There is a website for all of the papers that are related to NAS → super cool → this really does seem to be the future direction. (there are 50 to 60 papers on Arix)
But thankfully, a lot of them are noise and most of there are only few key ideas.
And one of the key ideas → is RL combined with deep learning → have some controller → and another set of model searching → this is so cool.
Make good networks from another network.
This is a process of generating a new model → the only thing is this is SOOOO expensive.
Another new paper came out → for shorter GPU → much more practical.
We are still doing the same thing → but the cost of doing back-prop is expensive → this is the very expensive part → so what if we do not do that → there are multiple models they look pretty similar → and share the weights.

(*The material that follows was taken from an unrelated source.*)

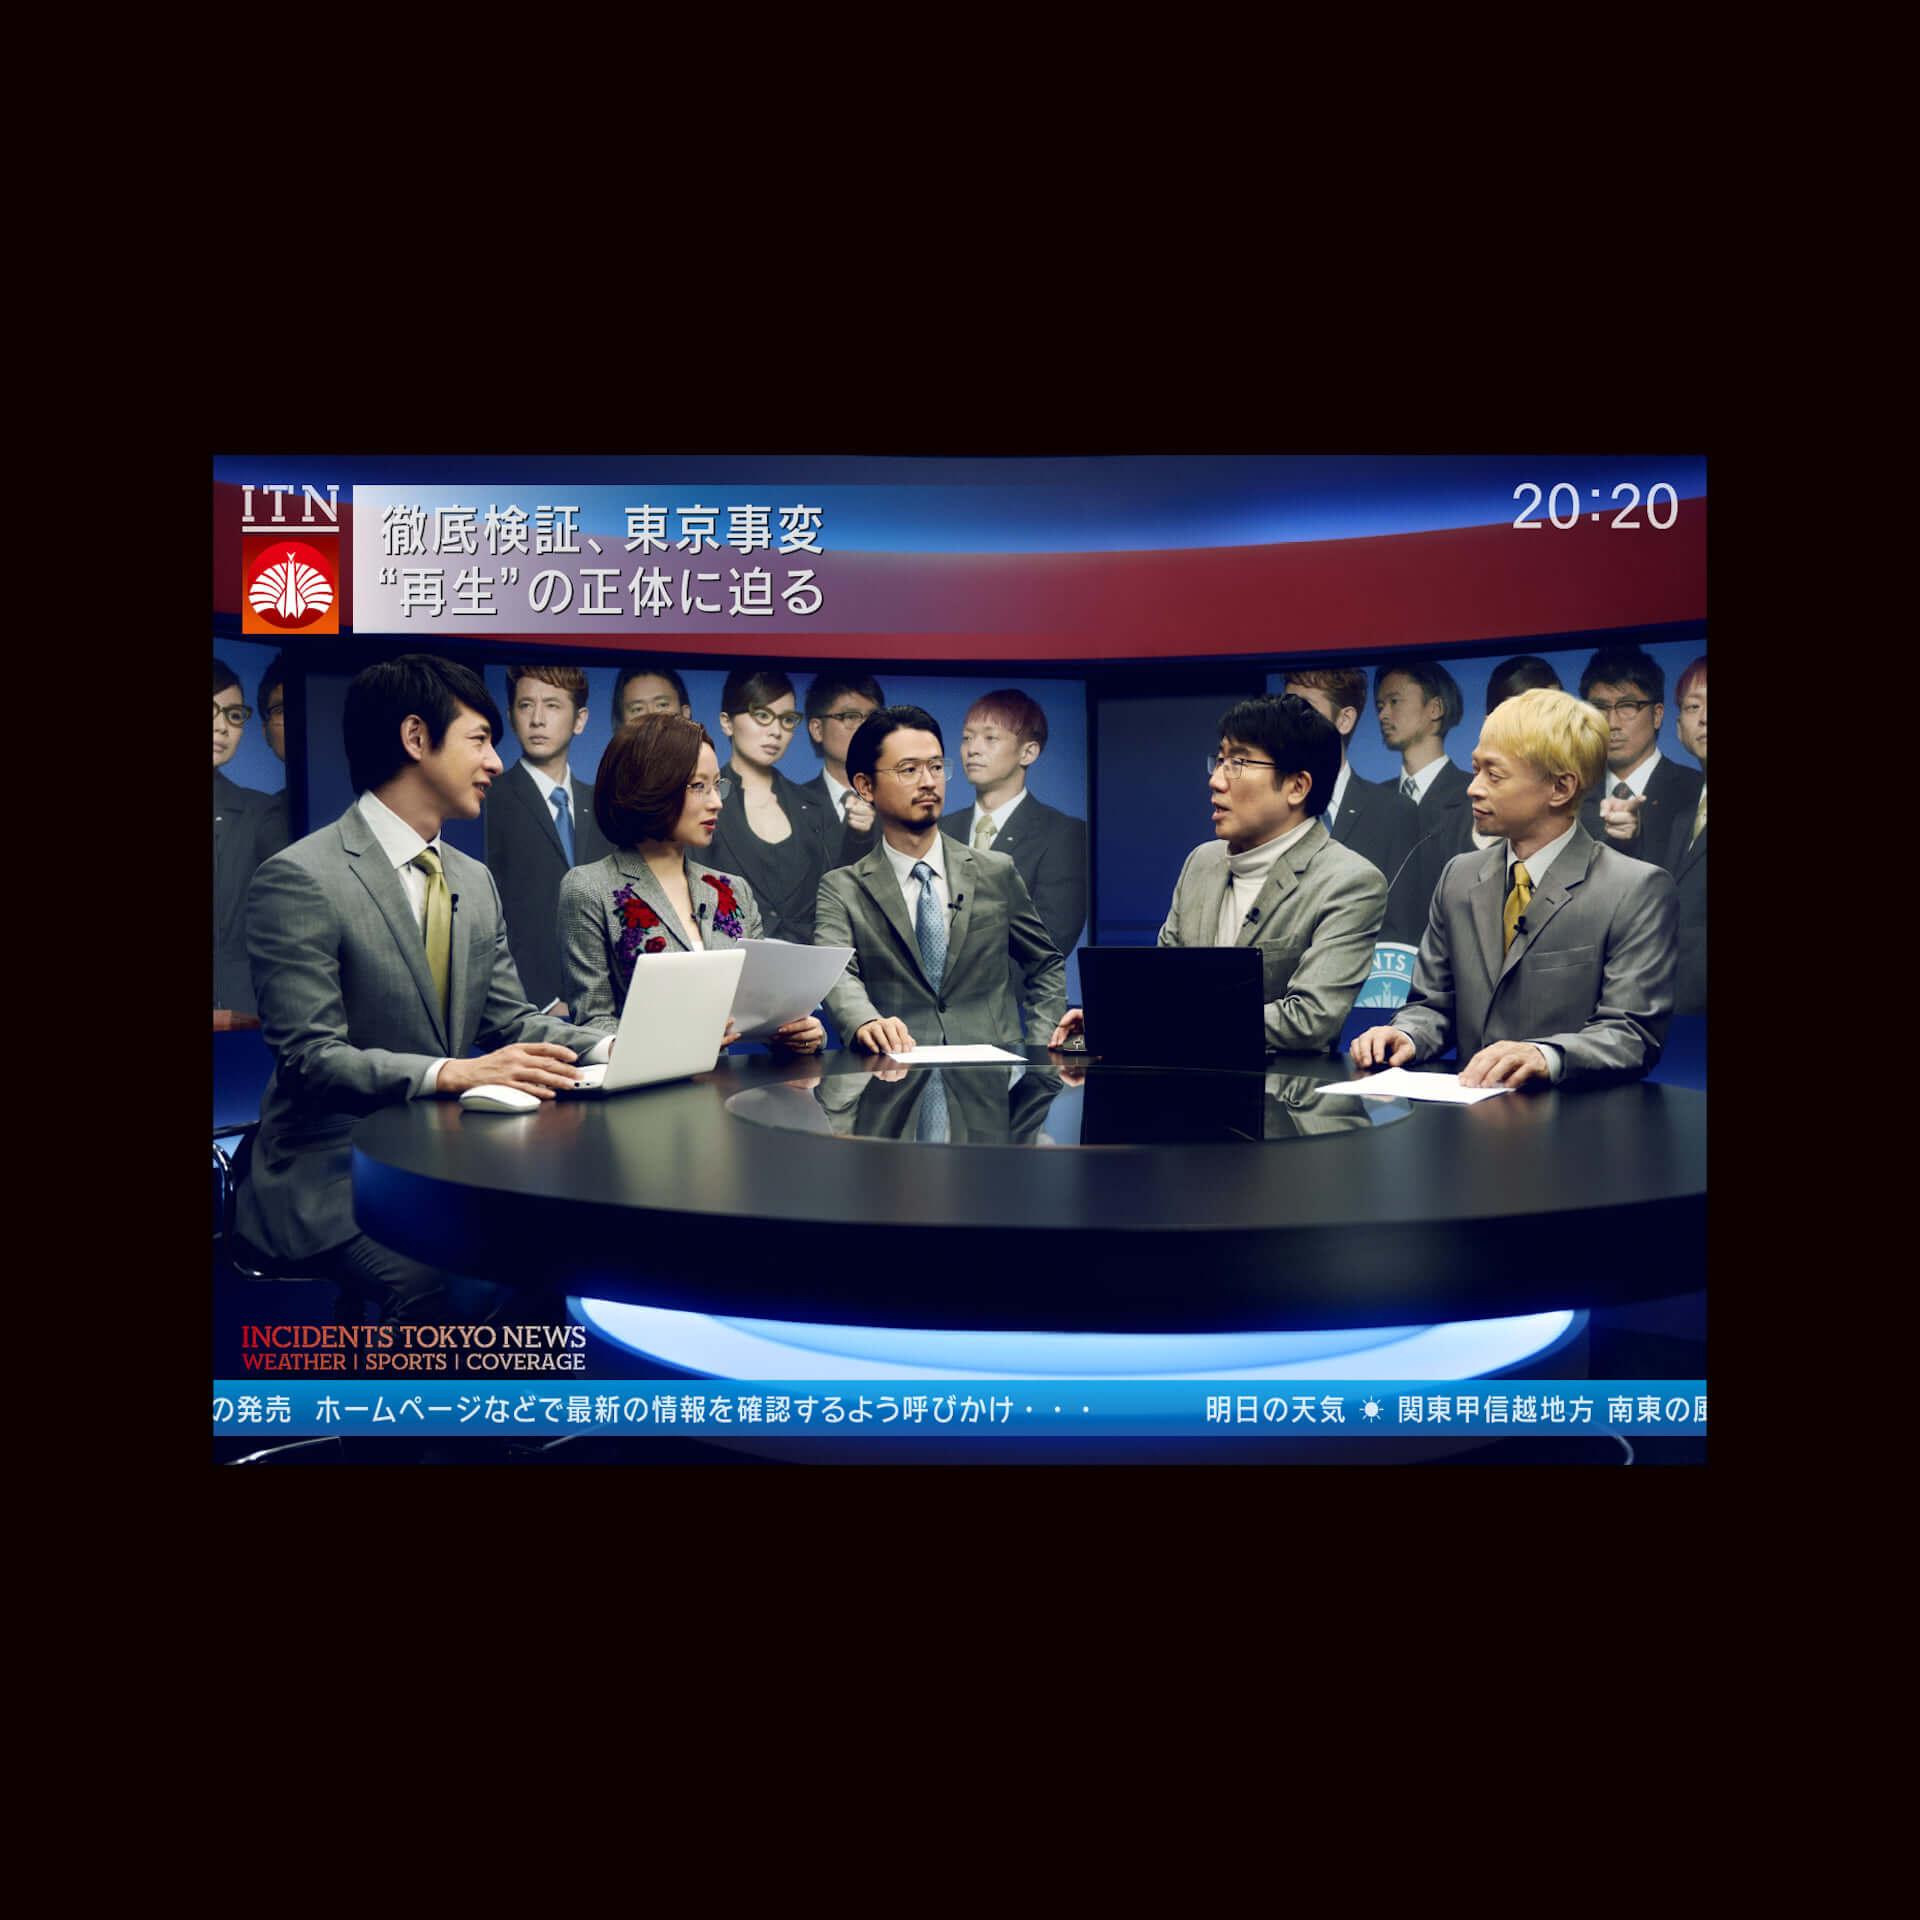 東京事変の新EP『ニュース』が本日ついに発売!椎名林檎へのインタビューを基にしたライナーノーツも公開 music200408_tokyojihen_2-1920x1920

The gradients → share the gradient → this is very effective → one forward and back-prop → but we are able to search for multiple model architectures. (this is an easy idea → but very efficient)
The number of days reduced → and most of the parameters → we were able to optimize everything. (quite new architectures were found).
This was one of the most epic paper → DARTS → here is the idea → already has cell connections → there are operation connections.
The connections are already there → but the weights of the connections are able to change → and that is exactly what we are optimizing. (so some connections are going to be lost → while other connections are going to get stronger)
Hence at the end of the day, → we are able to get a specific model architecture. (and it takes less than a day → but one problem is → the search space is limited → we cannot create new node → also we have to train a massive graph → this is not memory efficient).
To fix the GPU issue → another paper came out → here we are only going to keep a portion of the graph inside the GPU → so only train that part → this is such an interesting approach.
There are many optimizations we can do when it comes to NAS.
Also, there is some bayesian approach to optimizing the model architecture. (for DARTS → there might be compilation failure)
Most of the methods are doing a backward search → here we are going to do a forward search! (how does that work?)
We are able to generate as we go → hey do we need another layer? Another activation function? And more??
Some of the methods are borrowed ideas from other statistical prediction methods.
First, we are going to start small → and we are going to have some candidates → and we want to know which ones are useful. (and this process will be repeated over and over again).
A bit of a complicated process → but a very novel idea → we are in general, not changing the gradient → this is critical. (since we do not know which ones are the best when it comes to choosing the candidates).
So from a possible choice of operation → slowly choose the ones that are increasing the performance of the model. (interesting idea)
It’s like an evolution tree → slowly morphing into the best model. (putting a lot of these things together).
And we can even do this in an asynchronous manner LOL.
Loss is the signal that we are taking into → not the accuracy → the loss value is the idea that we are taking advantage of.
Depending on the loss value → we do not have to search some data points that does not give good results. (data augmentation, as well as hyper-parameter search, is not taken into account) → hence reproducibility is a problem.
Quite good results on image net as well, but this is not a solved problem.